Protocol for adapters that can enrich a raw job description.

extract_job_description(description)

Return a structured enrichment result for a single job description.

linkedin_web_scraper.infra.openai.openai_handler

Optional OpenAI adapter built on the Responses API.

OpenAIConfigurationError

Bases: RuntimeError

Raised when OpenAI enrichment is requested without valid configuration.

OpenAIDependencyError

Bases: RuntimeError

Raised when optional OpenAI enrichment dependencies are missing.

OpenAIHandler

Handle optional OpenAI job-description enrichment using structured parsing.

create_messages(description)

Create a compatibility prompt payload for a raw job description.

extract_job_description(description)

Return structured enrichment data for a single job description.

generate_chat_completion(messages)

Compatibility wrapper that returns the historical JSON-compatible shape.

linkedin_web_scraper.infra.openai.job_description_processor

Helpers for applying structured OpenAI enrichment to job dataframes.

JobDescriptionProcessor

Use a structured enricher to enrich scraped job descriptions.

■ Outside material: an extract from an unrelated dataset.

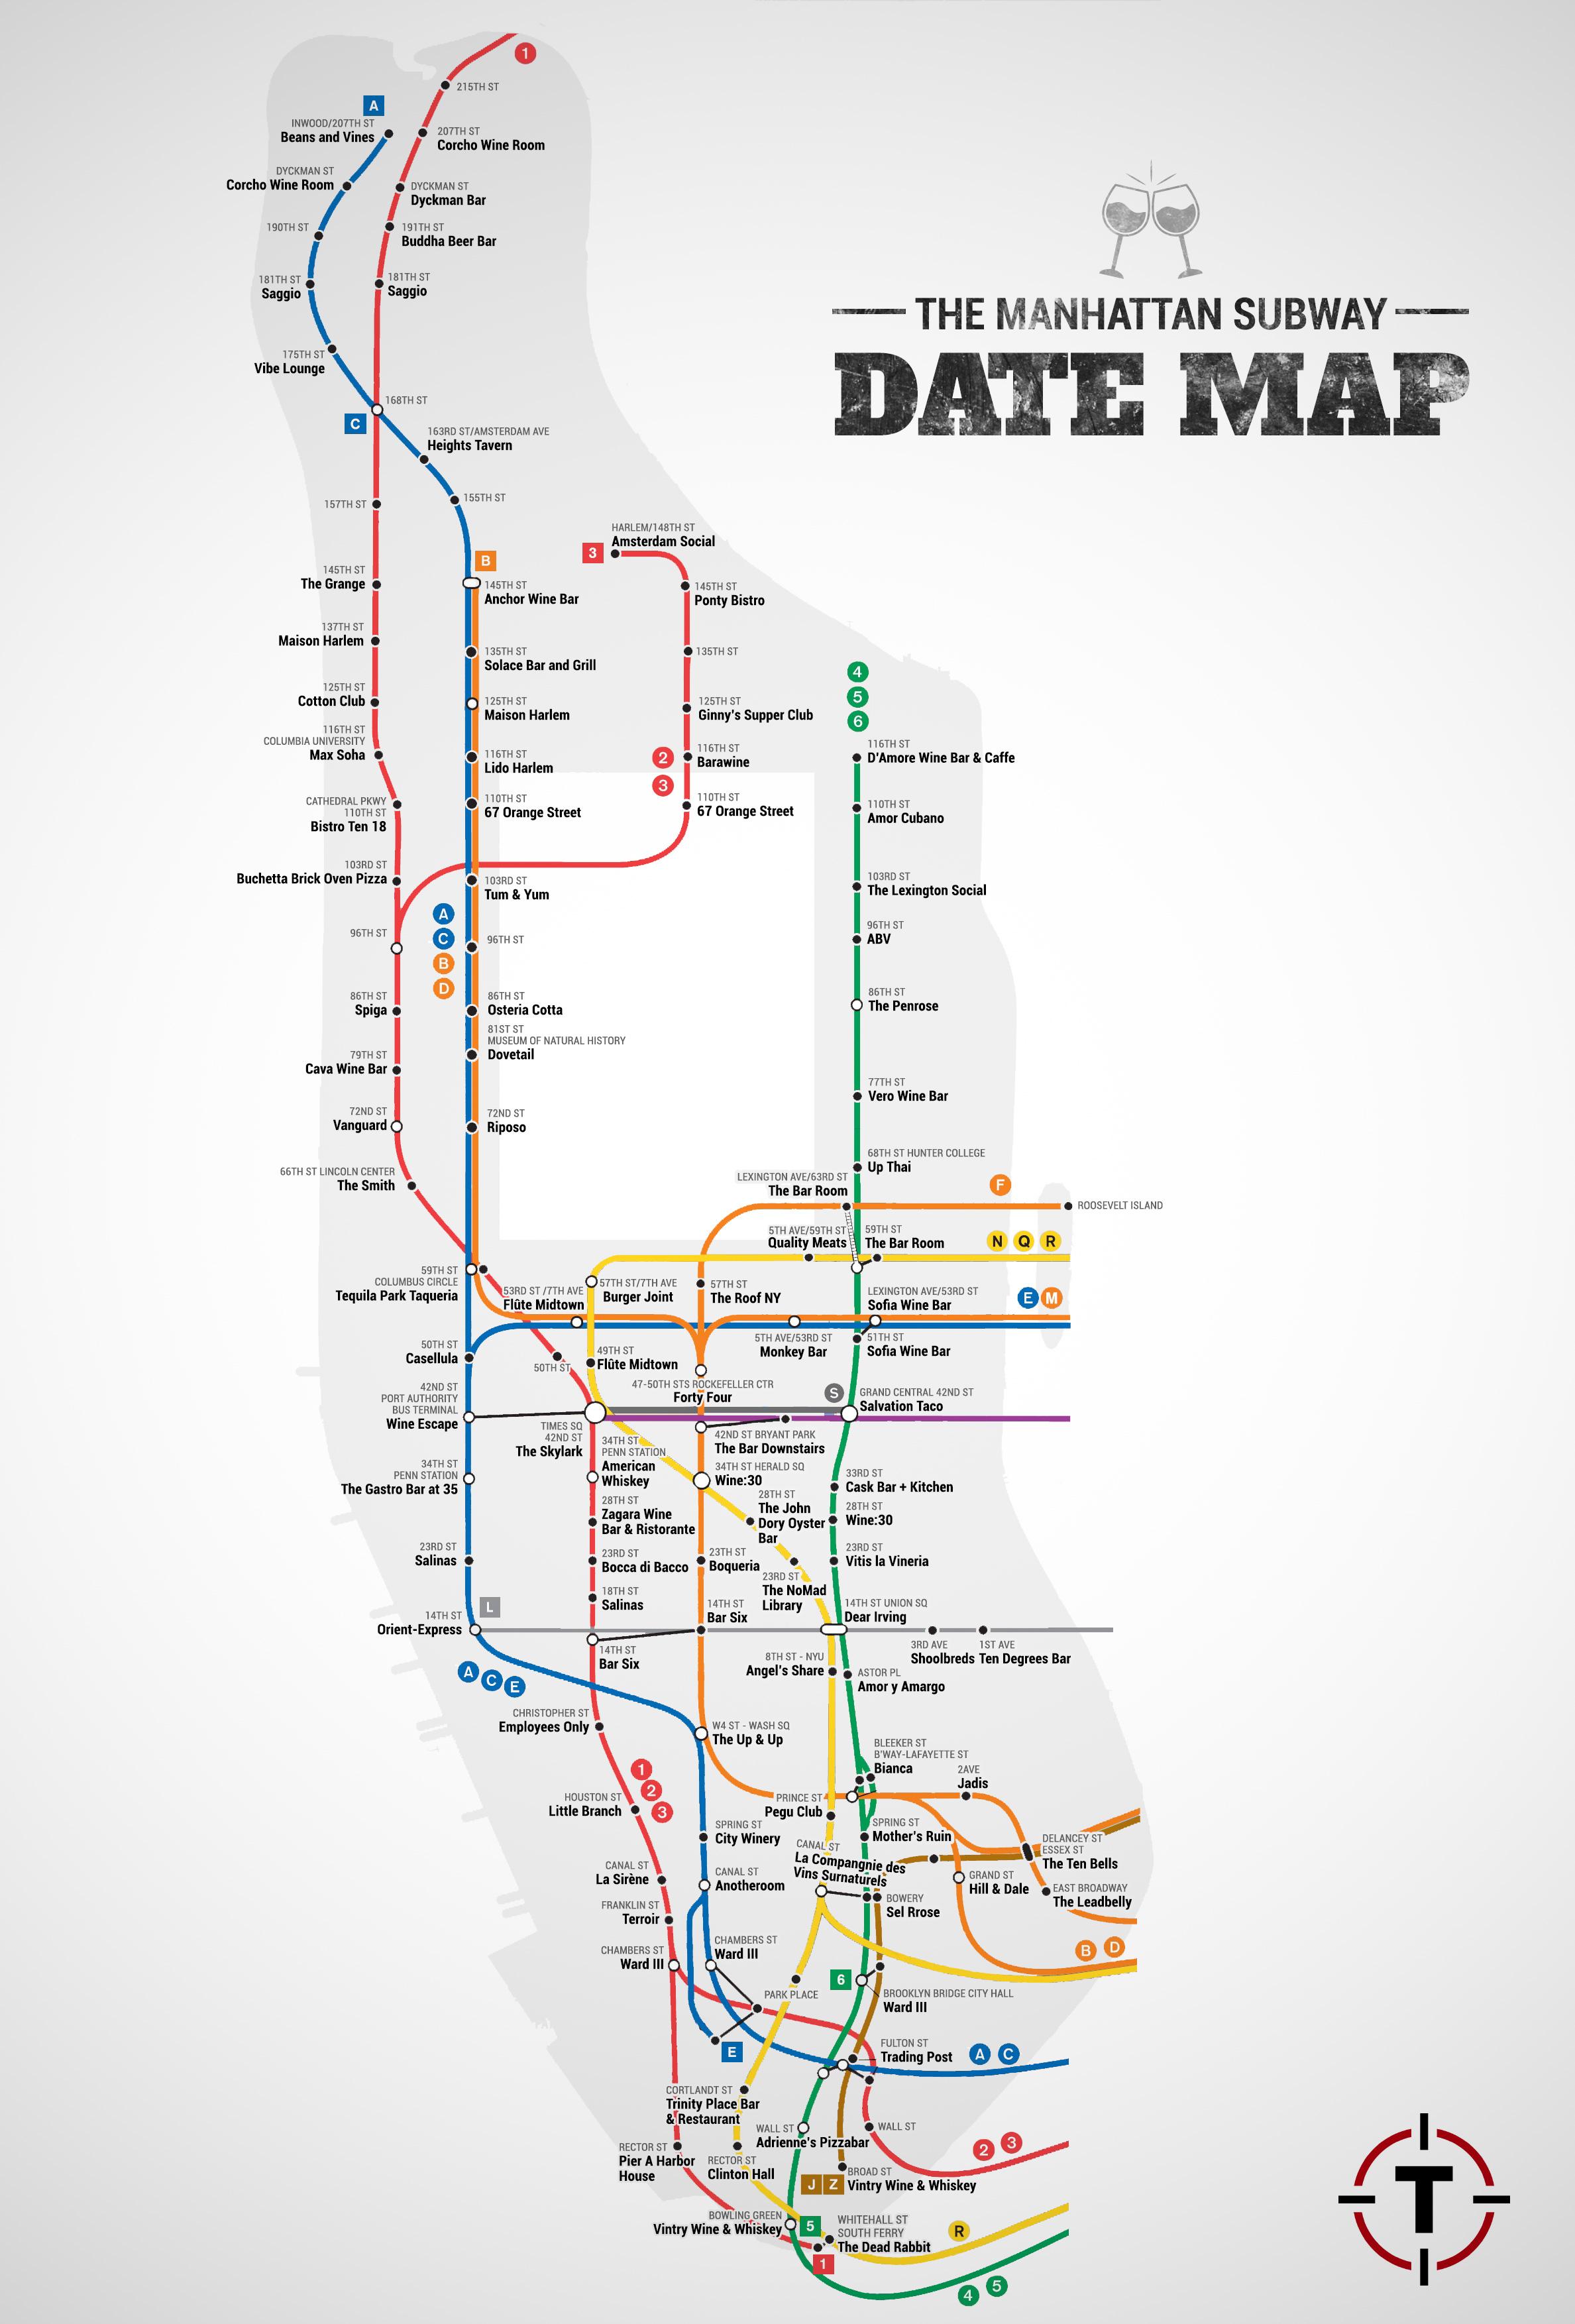 Nyc Subway Map A C E.Manhattan Subway Date Map Date Ideas Bars Restaurants Thrillist

process_job_descriptions(df_jobs)

Process job descriptions and append parsed fields without failing the scrape.

Storage

linkedin_web_scraper.infra.storage.models

SQLAlchemy models for persisted scrape runs and job snapshots.

Base

Bases: DeclarativeBase

Base declarative model for the SQLite scrape storage schema.

ScrapeRunRecord

Bases: Base

Persist one application-level scrape run.

JobRecord

Bases: Base

Persist the latest known canonical attributes for one job ID.

JobSnapshotRecord

Bases: Base

Persist one job row as it appeared in a specific scrape run.

JobEnrichmentRecord

Bases: Base

Persist the structured OpenAI enrichment values for one run and job.

utcnow()

Return a timezone-aware UTC timestamp for persisted records.

linkedin_web_scraper.infra.storage.sqlite

SQLite-backed storage adapter for persisted scrape runs.

SQLiteScrapeStorage

Bases: ScrapeStorage

Persist scrape runs, job snapshots, and enrichments to SQLite.

begin_run(context)

Create a persisted scrape run and return its run identifier.

store_jobs(run_id, df_jobs)

Persist the dataframe rows for a scrape run.

load_run_jobs(run_id)

Load the persisted dataframe rows for one scrape run.

finish_run(run_id, *, status='completed', output_path=None, error_message=None, row_count=None)

Mark a persisted scrape run as finished.